Dataset records:
⟨
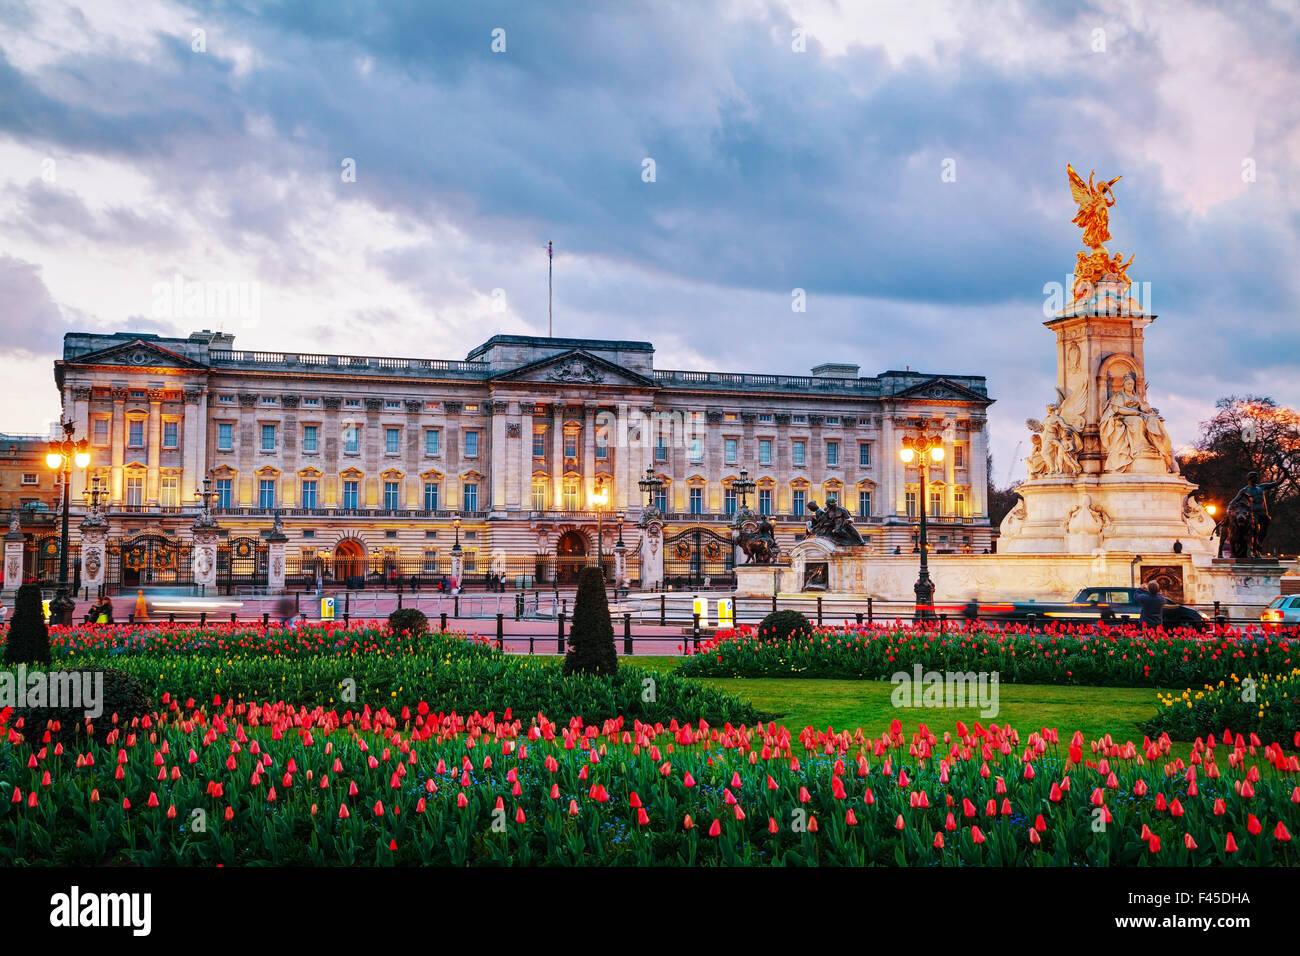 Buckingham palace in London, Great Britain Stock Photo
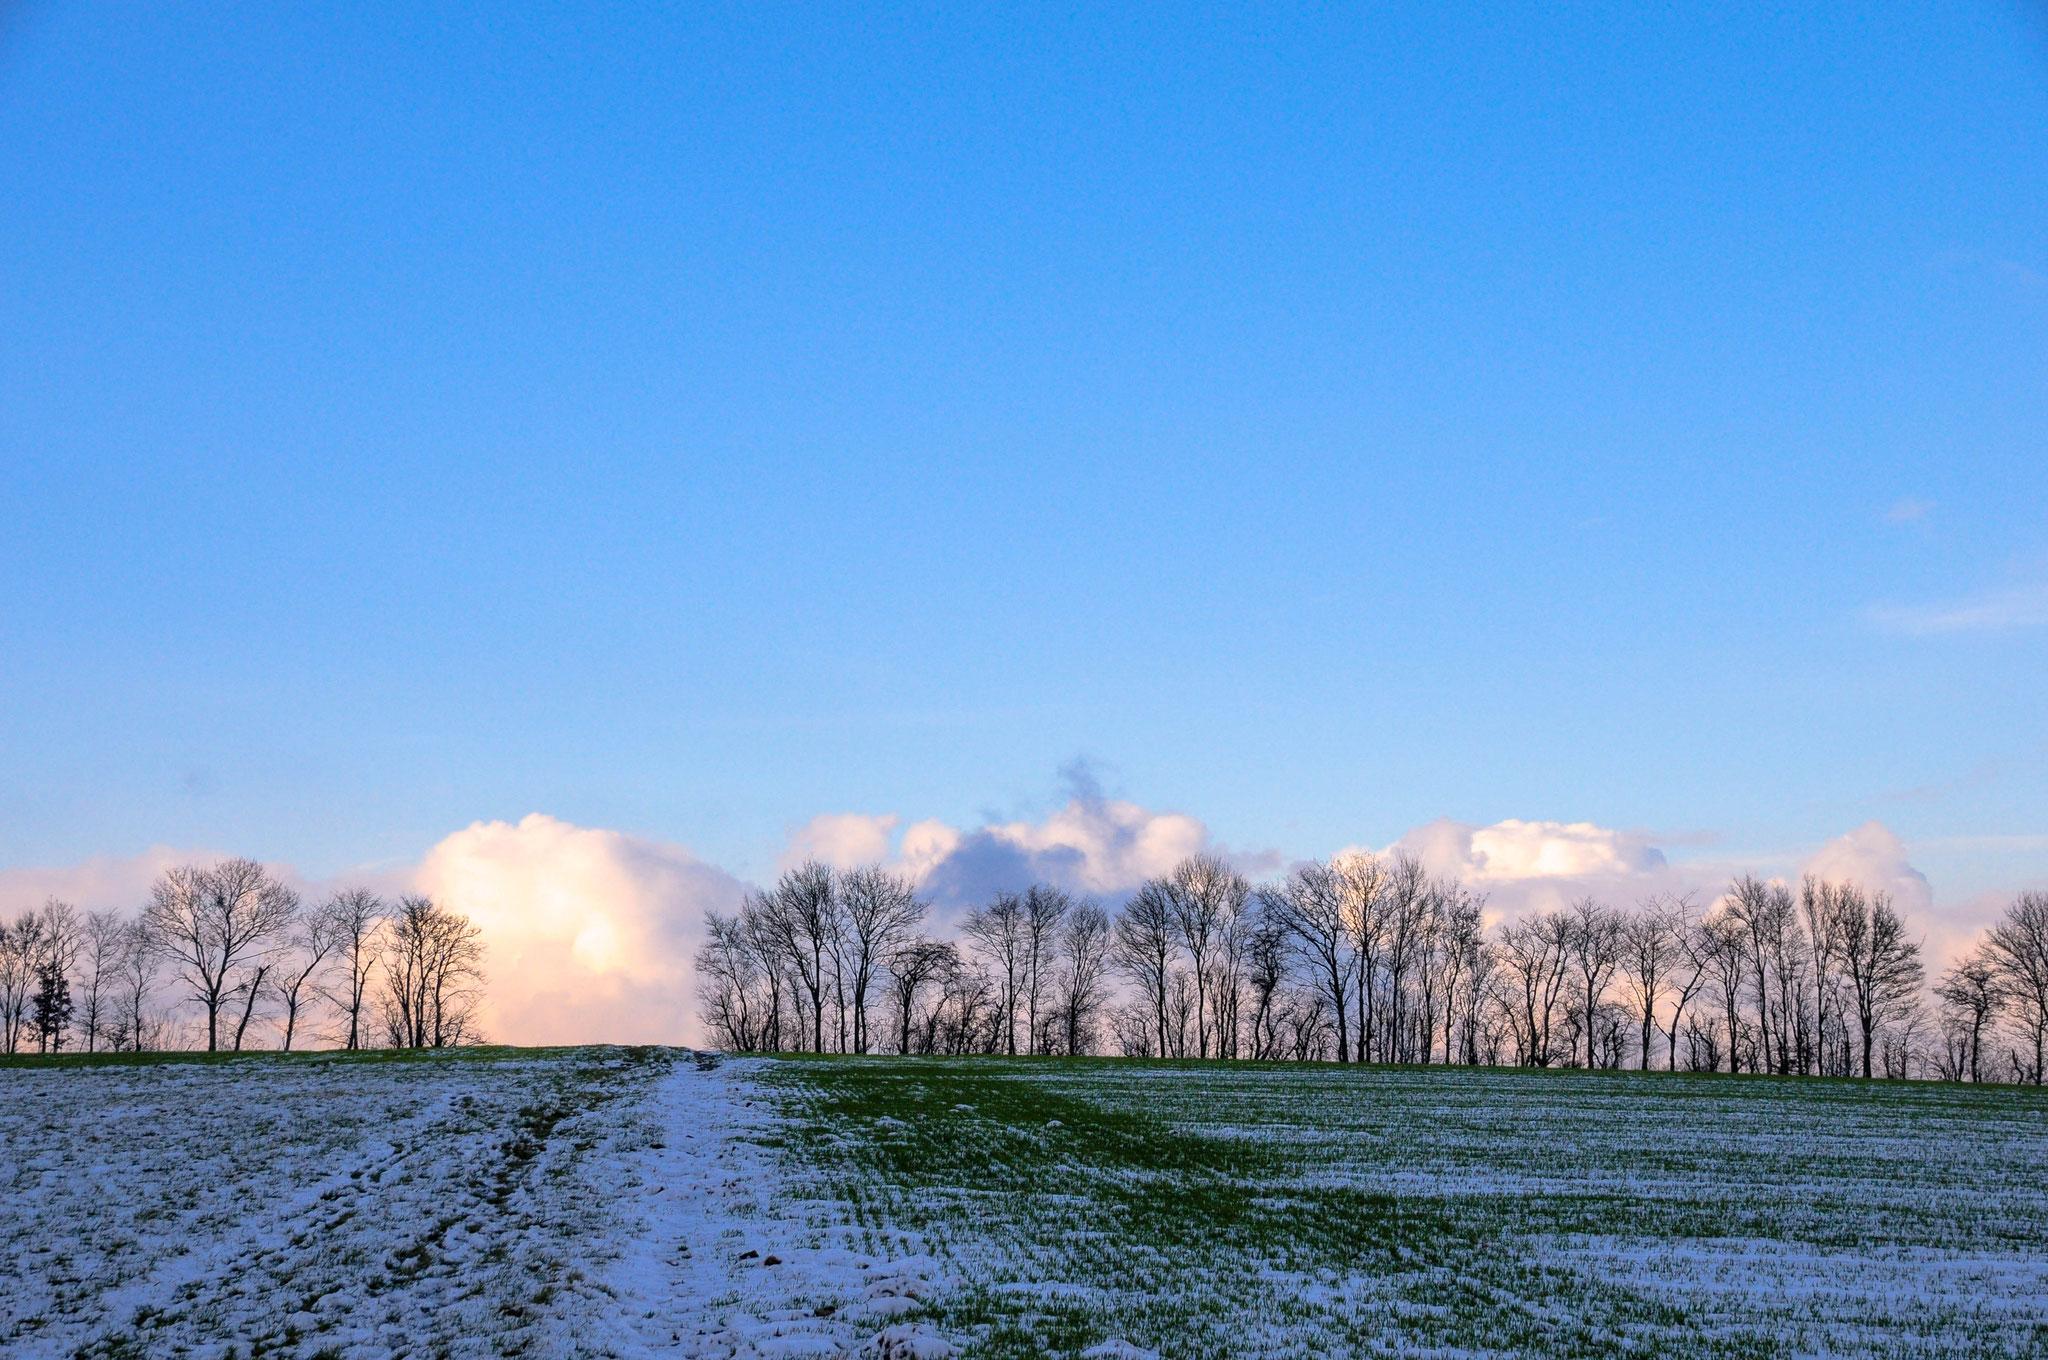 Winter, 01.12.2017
⟩
⟨
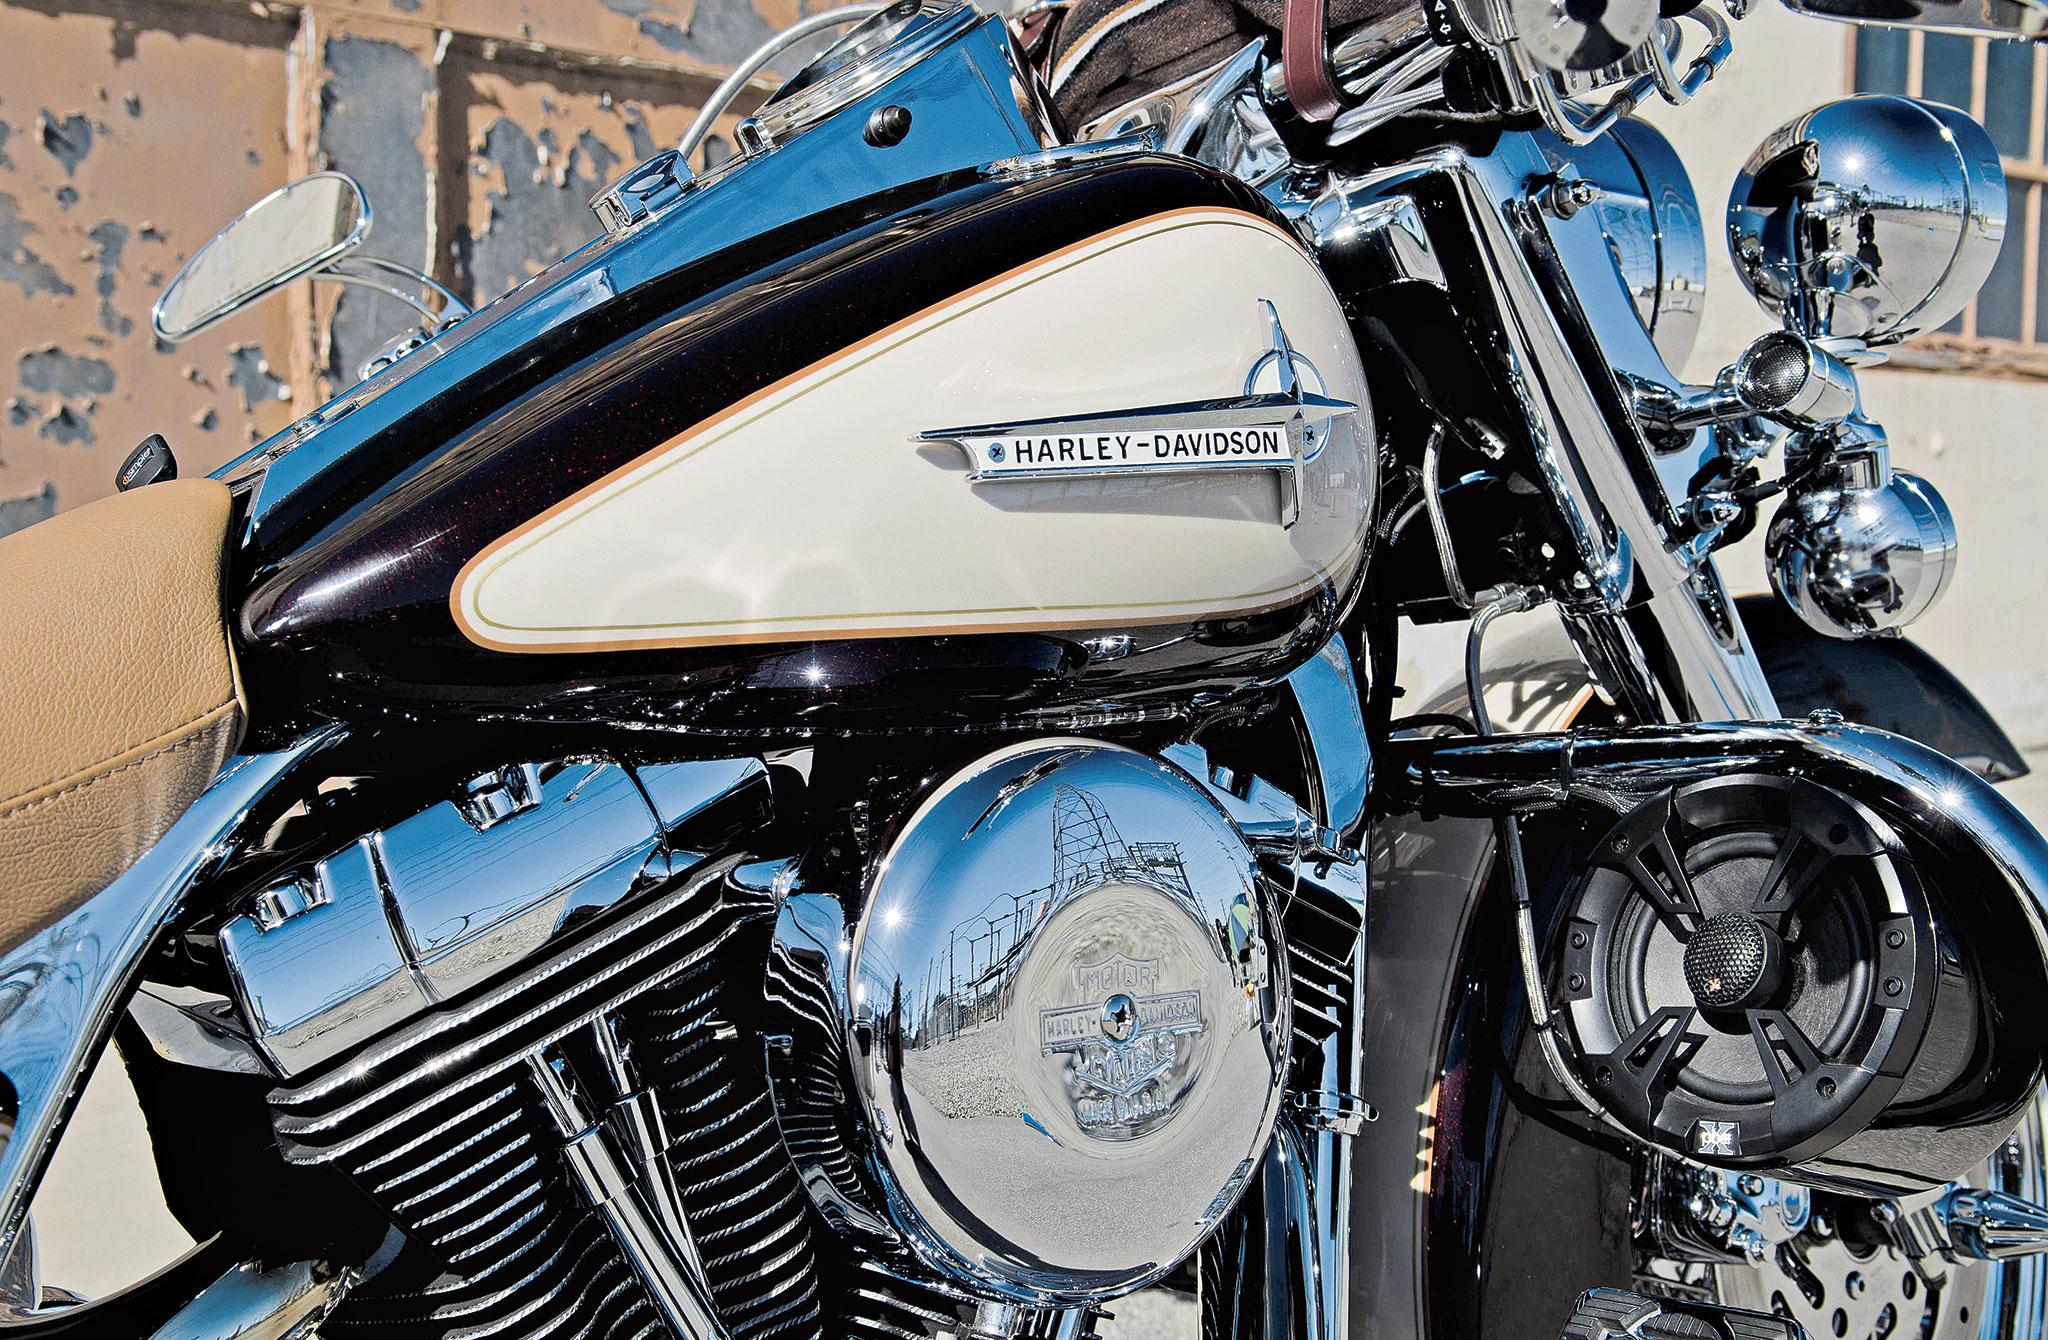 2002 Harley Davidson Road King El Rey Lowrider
⟩
⟨
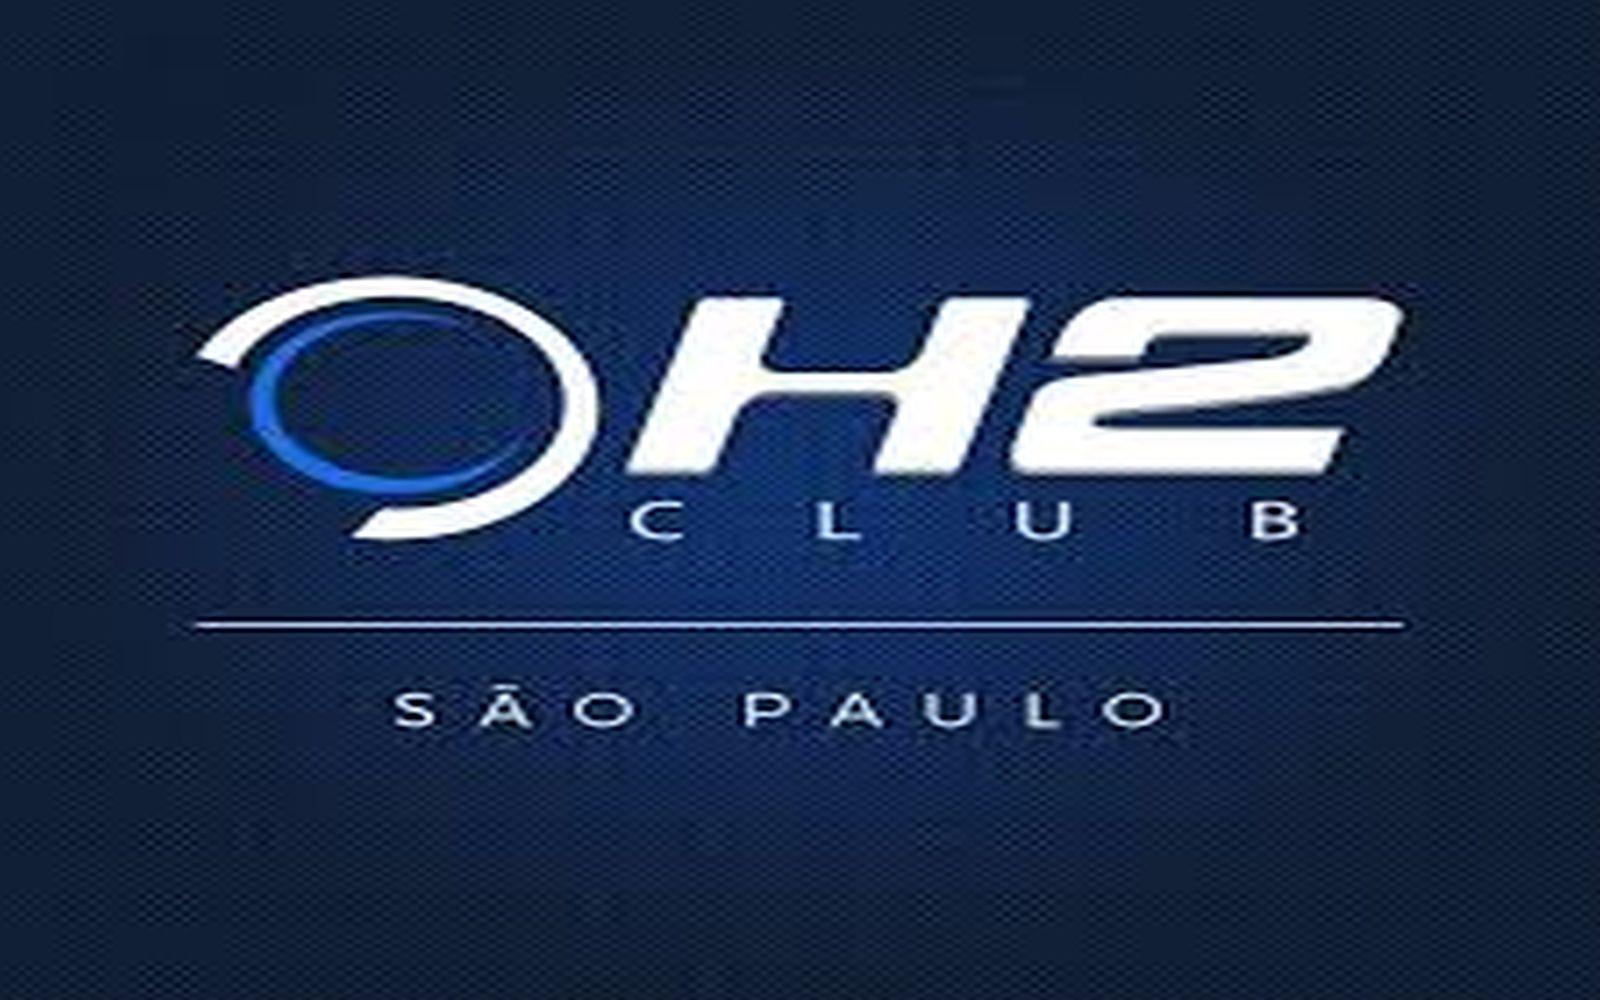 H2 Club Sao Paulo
⟩
Your task: Using the data above, output the line that has "Buckingham palace in", the line that has "Winter, 01.12.2017", and whatever lines fall between, each exactly as it stands and without pictures.

Response:
 Buckingham palace in London, Great Britain Stock Photo
 Winter, 01.12.2017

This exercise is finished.